Tom Maloney Elementary School is an elementary school in Fremont, California. It is located at 38700 Logan Drive 94536. It is one of 28 elementary schools in the city belonging to the Fremont Unified School District. It opened in 1961 as the Glenmoor and Glen Manor developments were populated. Its mascot is the Bulldog and the school colors are Royal Blue and White. Maloney is part of the Washington Attendance area, and goes to Washington High School and Centerville Junior High School.

===Niles Elementary School===

Niles Elementary School is an elementary school in Fremont, California. It is located at 37141 Second Street 94536. It is one of 28 elementary schools in the city belonging to the Fremont Unified School District. One of the oldest schools in the area, it was constructed around the 1930s. The school mascot is the bulldog and the school colors are green and white and grey. Niles has a basketball team, a soccer team, and a cheerleading squad. It is part of the Washington attendance area and goes to Washington High School and Centerville Junior High School.

Niles Elementary has instituted a Junior Safety Patrol program that encourages community involvement and leadership by having select 5th and 6th graders facilitate the loading and unloading zone as students come and go from school. This program is overseen by Niles Traffic Safety Coordinator, Robin Maccan.

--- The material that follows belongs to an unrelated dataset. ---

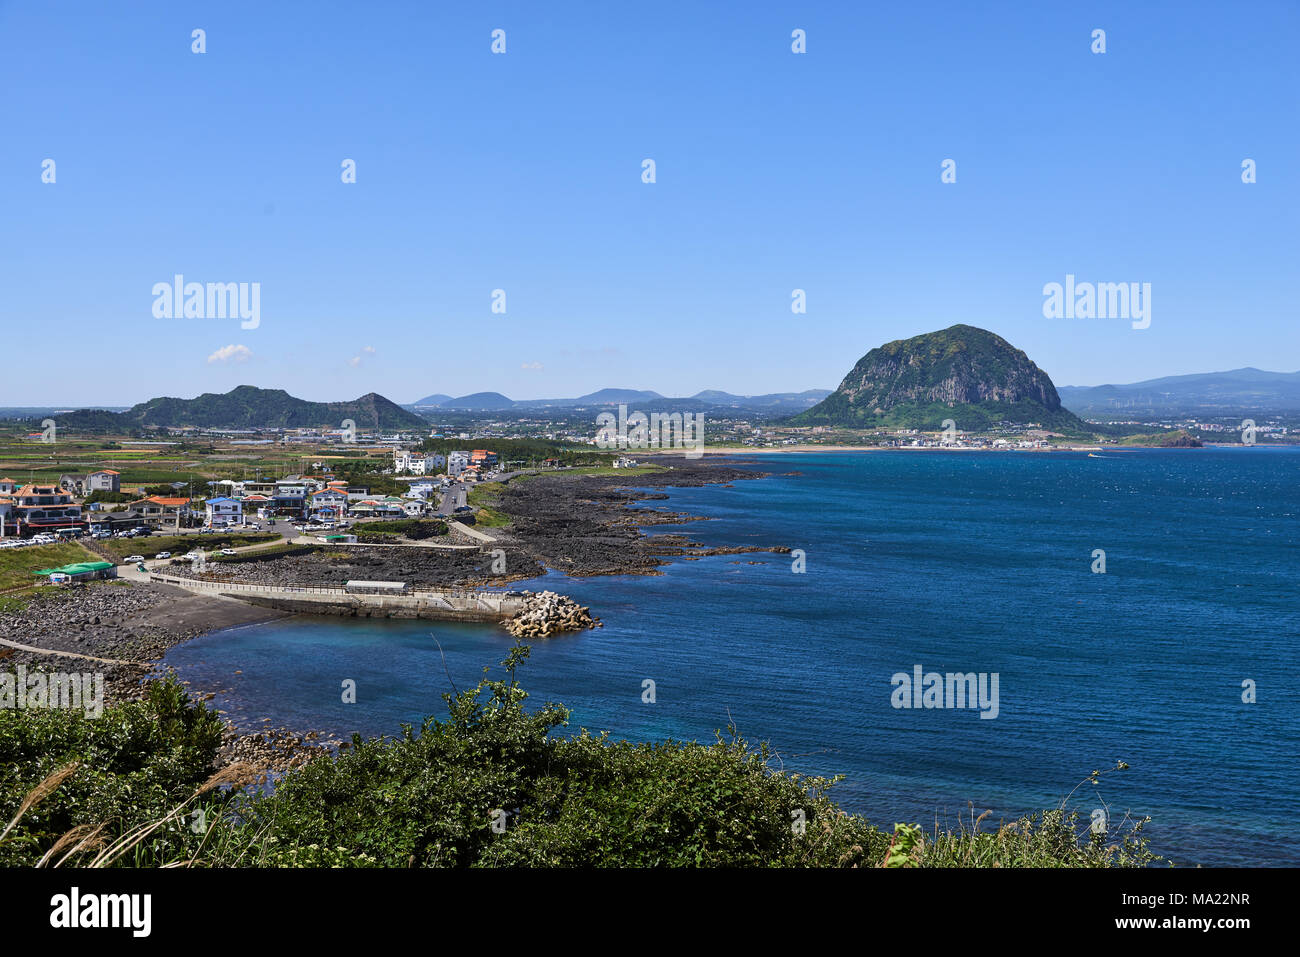 Paesaggio di Sagye-ri village e la costa sud-occidentale dell'Isola di Jeju con Sanbangsan Hallasan e montagna, visto da Olle sentiero no.10 a Songaksan. Foto Stock

===Parkmont Elementary School===

Parkmont Elementary School is an elementary school in Fremont, California. It is located at 2601 Parkside Drive 94536. It is one of 28 elementary schools in the city belonging to the Fremont Unified School District. The principal of Parkmont Elementary is Walter Lewis. Parkmont is part of the Washington Attendance area, and goes to Washington High School and Centerville Junior High School. Its school mascot is the panther, and has a basketball and soccer team.

===Vallejo Mill Elementary School===

Vallejo Mill Elementary School is an elementary school in Fremont, California. It is located at 38569 Canyon Heights Drive 94536. It is one of 28 elementary schools in the city belonging to the Fremont Unified School District. Vallejo Mill is part of the Washington Attendance area, and goes to Washington High School and Centerville Junior High School.